_EXERCISE OBJECTIVE_. Every line of the listing belongs in your answer exactly as written; the images do not.

_SOURCE MATERIAL_.
◇ ◇ ◇ ◇

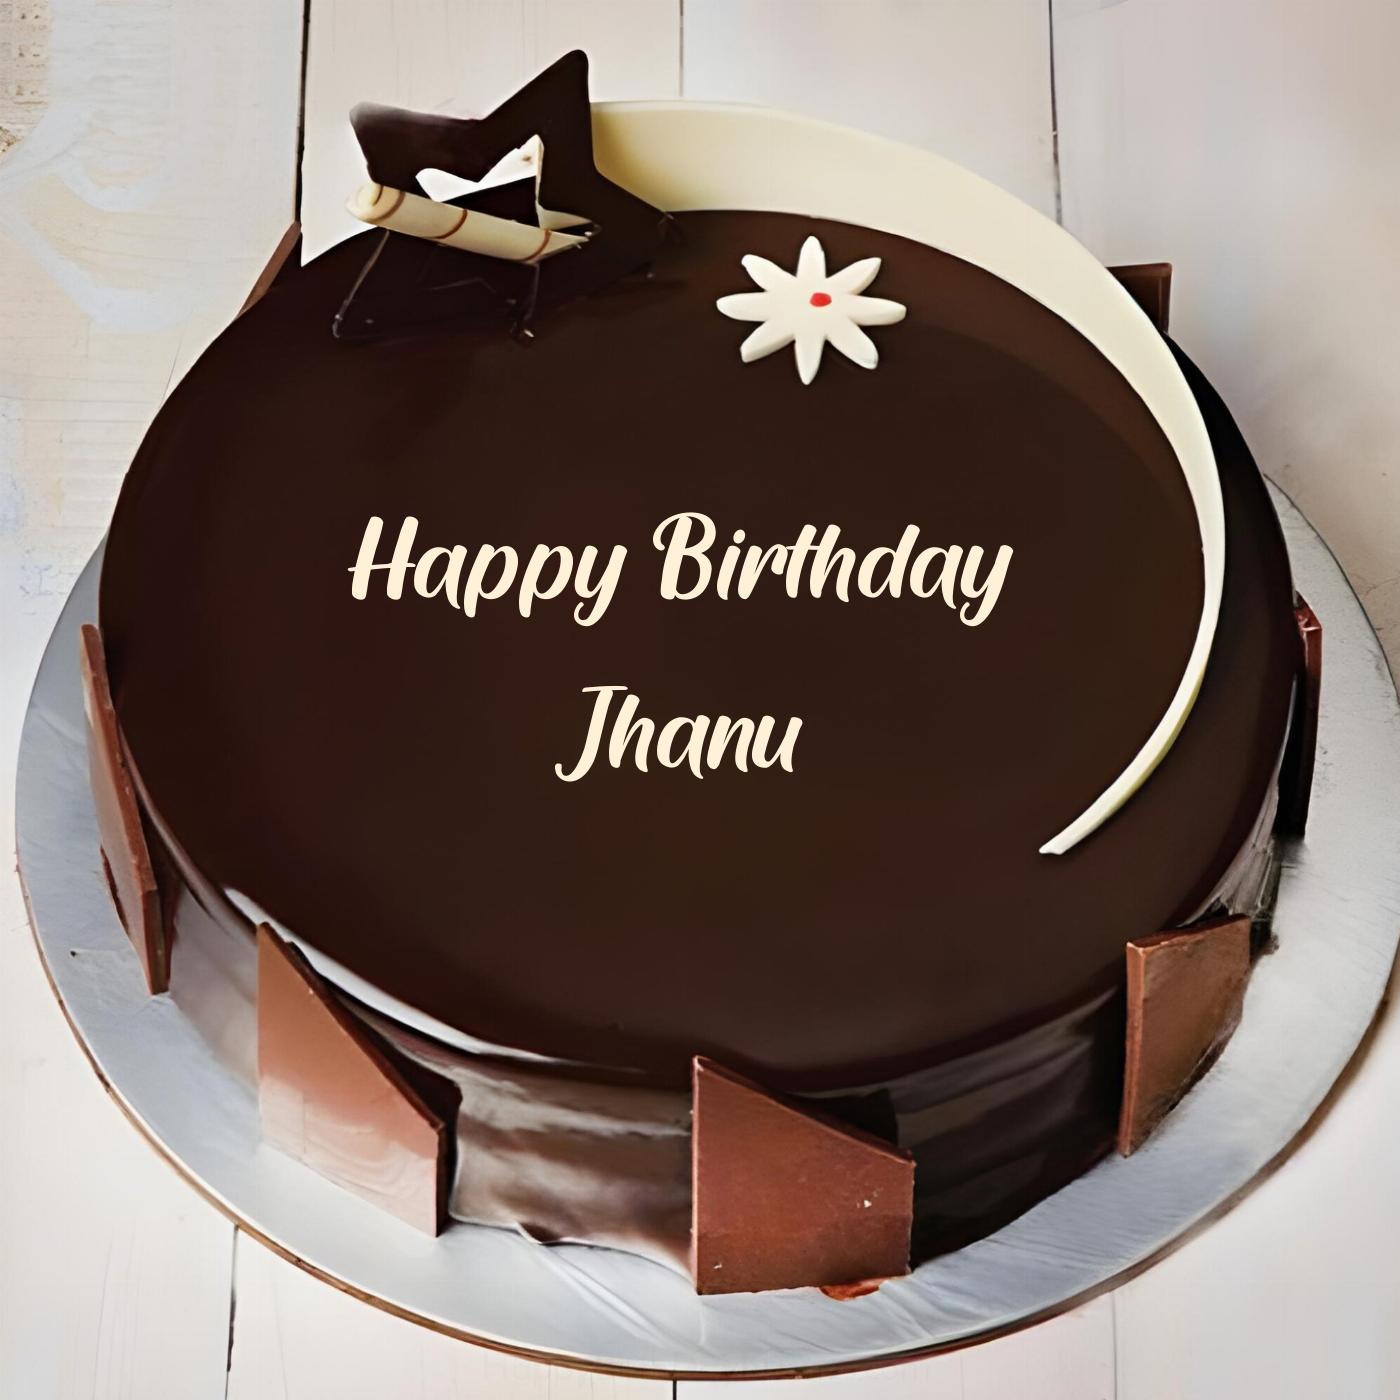 Happy Birthday Jhanu Chocolate Star Cake
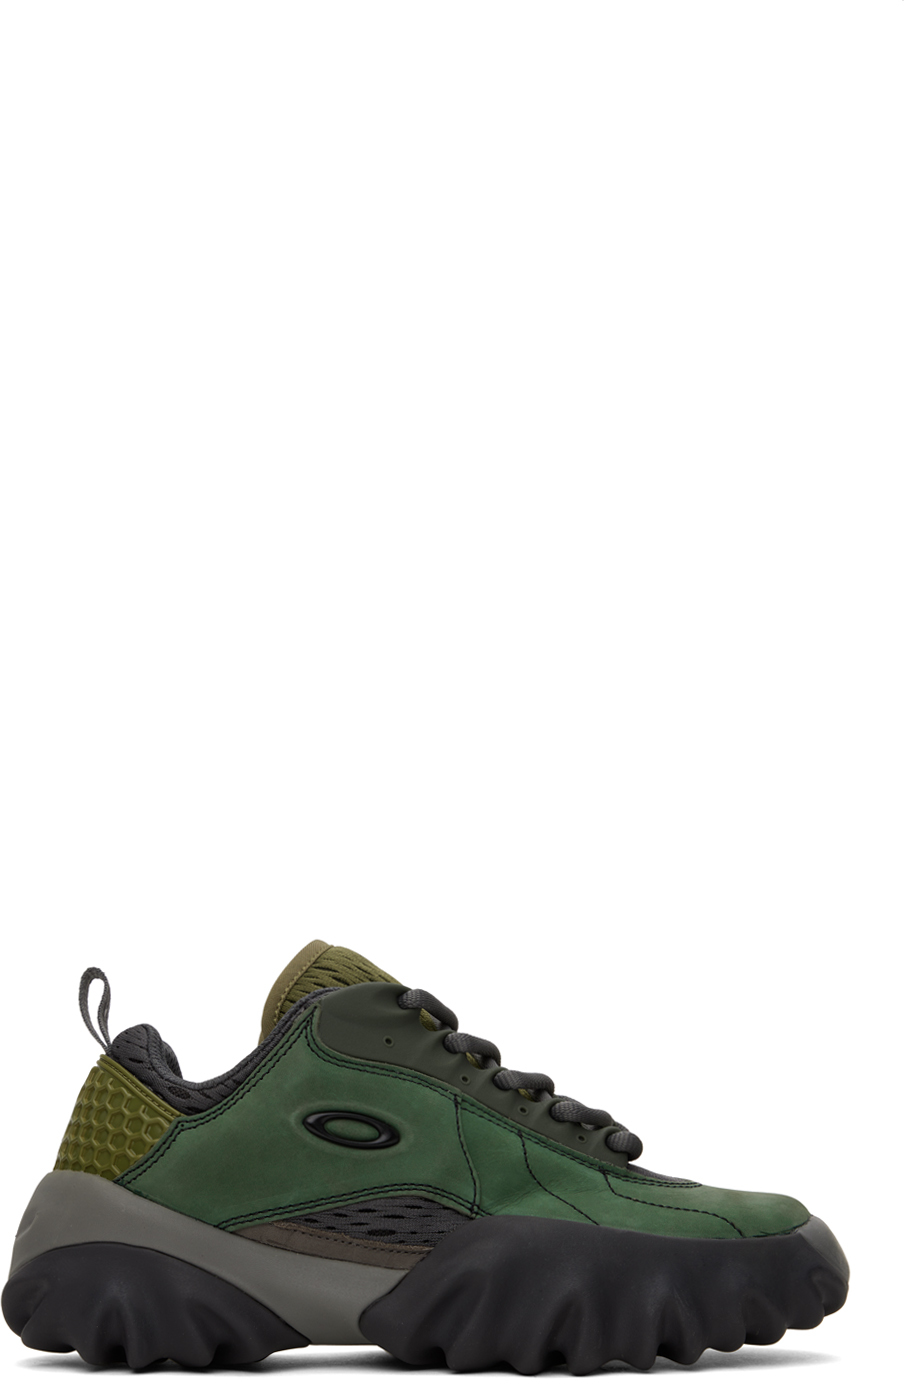 Oakley Factory Team: Green & Gray Chop Saw Sneakers | SSENSE
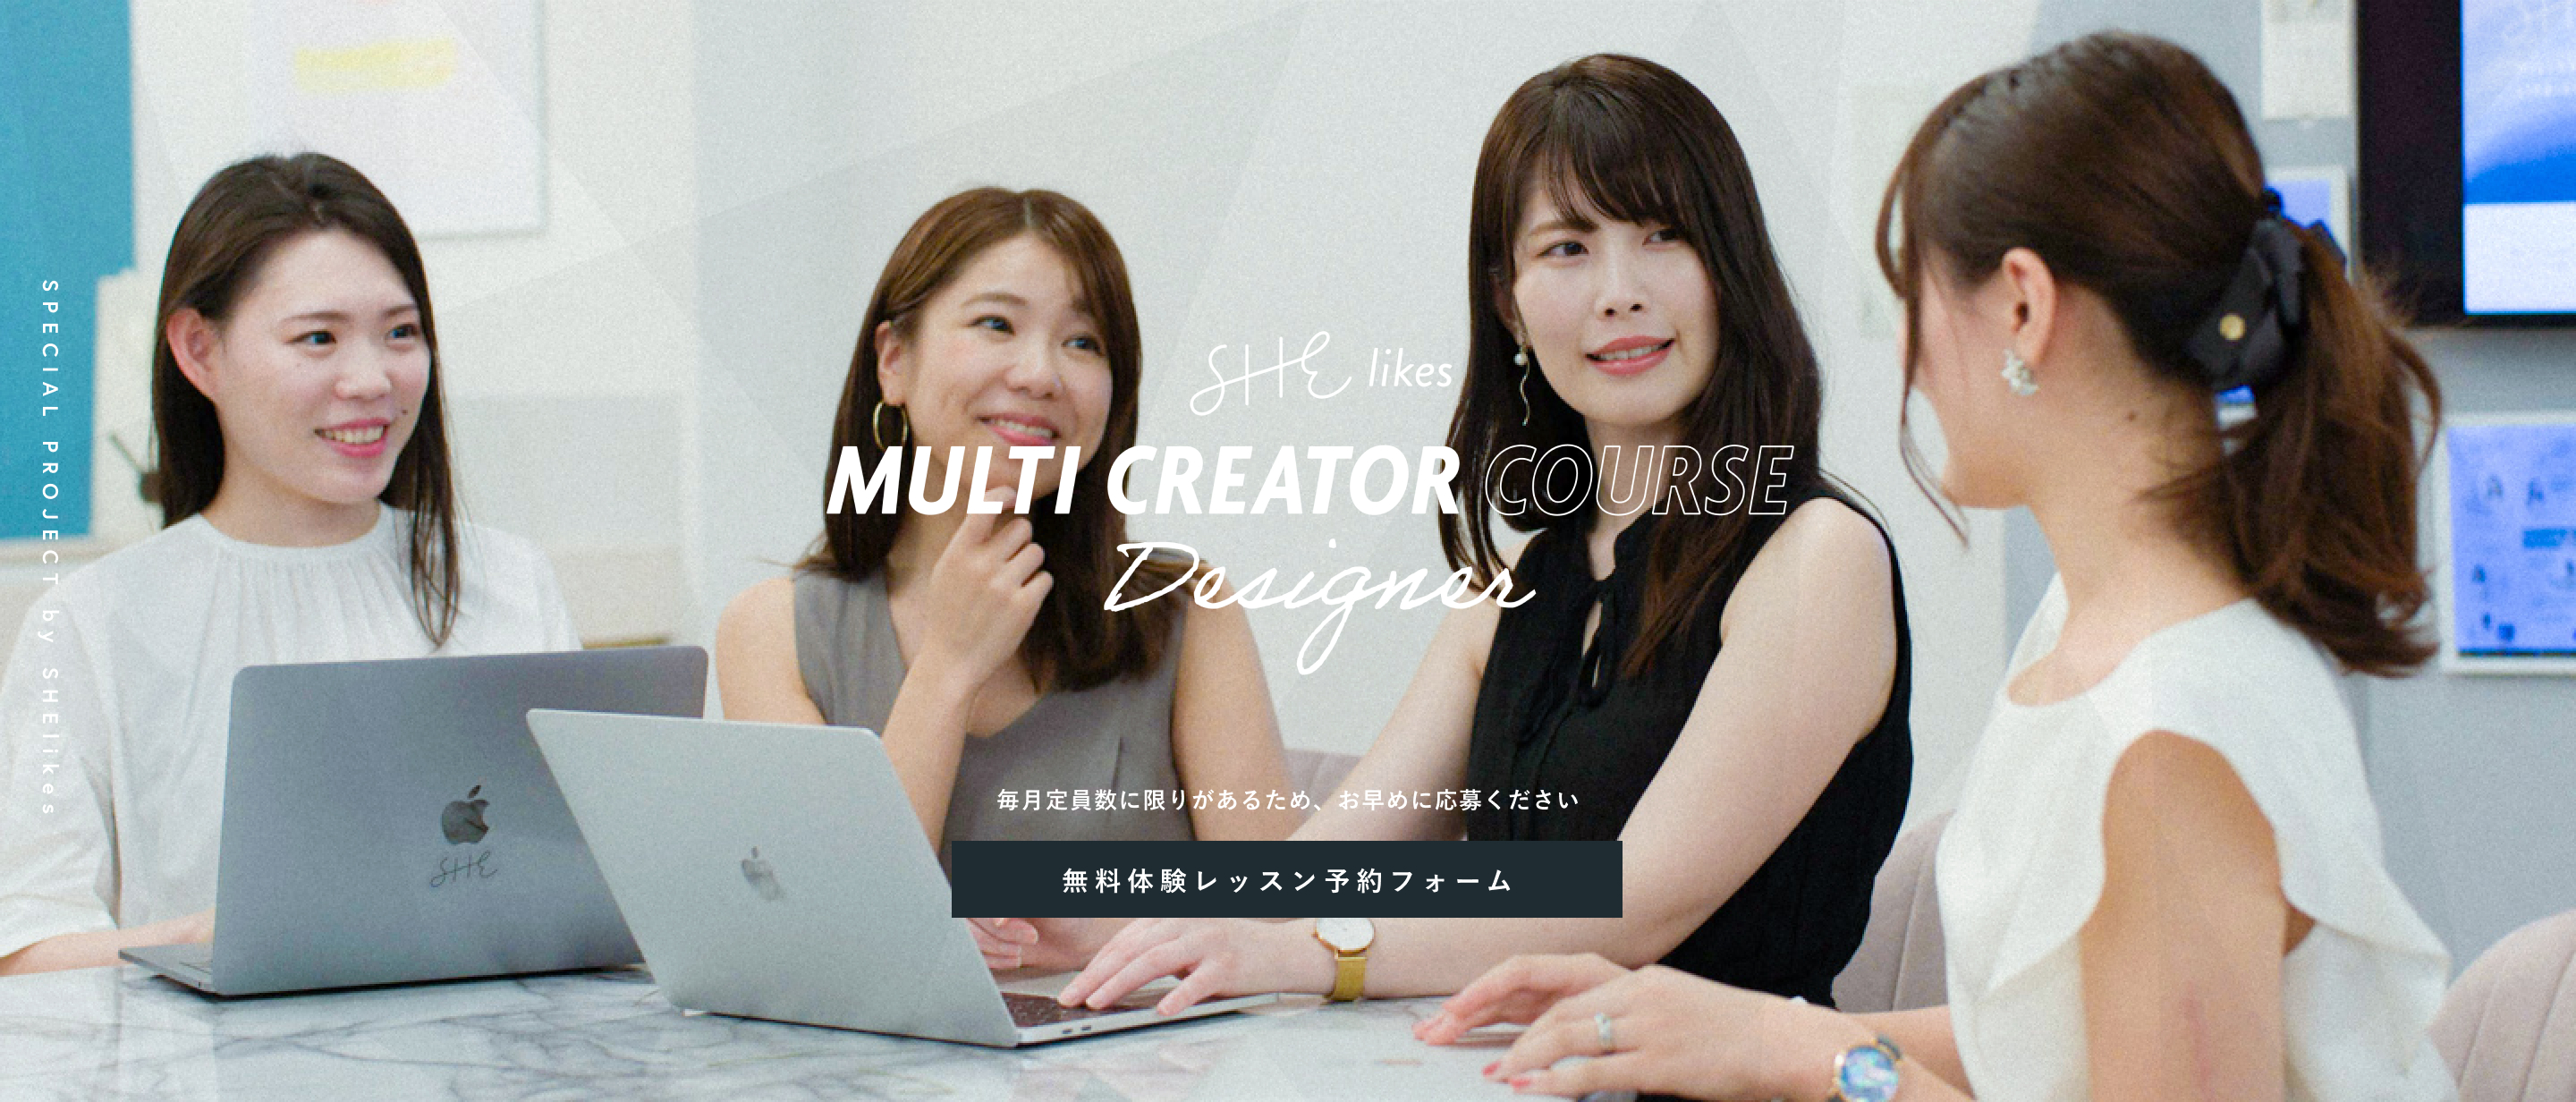 SHE likes MUTI CREATOR COURSE DESIGNER 無料体験レッスン予約フォーム

◇ ◇ ◇ ◇

_TASK ANSWER_.
 Happy Birthday Jhanu Chocolate Star Cake
 Oakley Factory Team: Green & Gray Chop Saw Sneakers | SSENSE
 SHE likes MUTI CREATOR COURSE DESIGNER 無料体験レッスン予約フォーム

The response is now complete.